▶ Data shown

╔══

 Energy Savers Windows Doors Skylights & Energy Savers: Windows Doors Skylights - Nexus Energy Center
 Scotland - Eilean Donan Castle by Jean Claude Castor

╚══
╔══

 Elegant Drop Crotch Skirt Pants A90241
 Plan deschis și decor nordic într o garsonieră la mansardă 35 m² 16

╚══
╔══

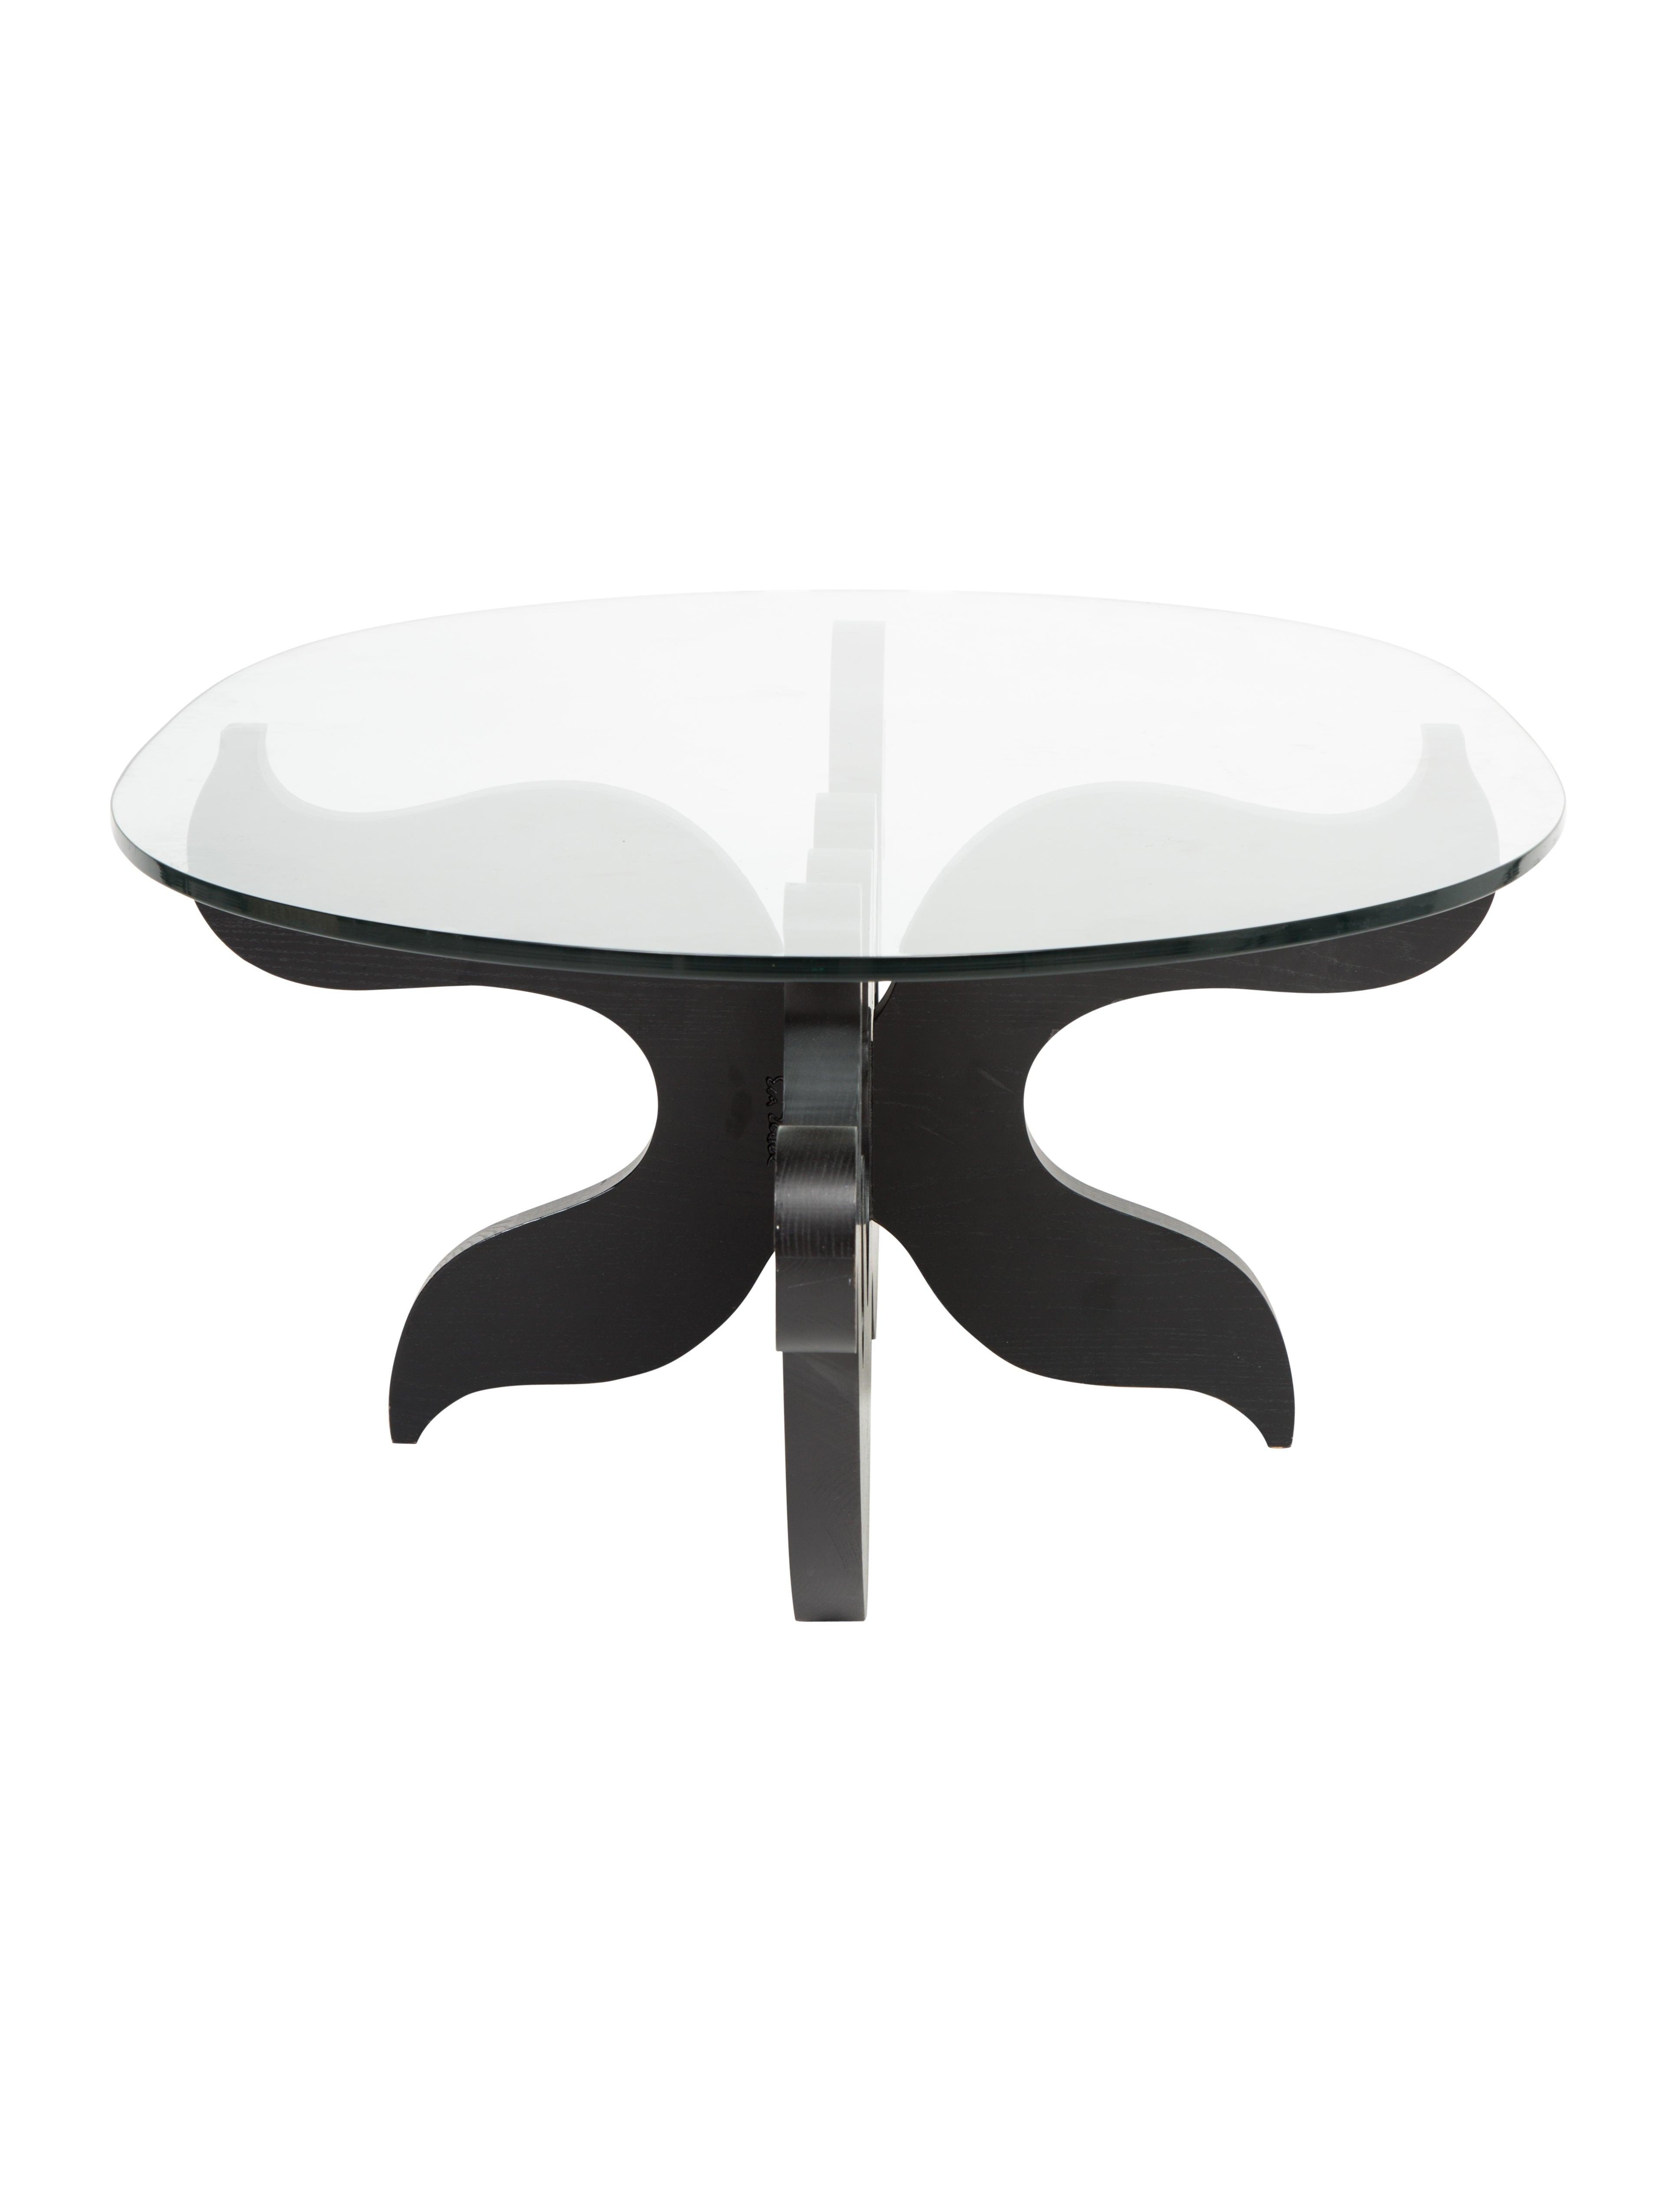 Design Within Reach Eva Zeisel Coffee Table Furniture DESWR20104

╚══

▶ Action item
Your task is to retype the entries verbatim, starting with the line that holds "Energy Savers Windows" and stopping after the line that holds "Scotland - Eilean".

▶ Output of the exercise
 Energy Savers Windows Doors Skylights & Energy Savers: Windows Doors Skylights - Nexus Energy Center
 Scotland - Eilean Donan Castle by Jean Claude Castor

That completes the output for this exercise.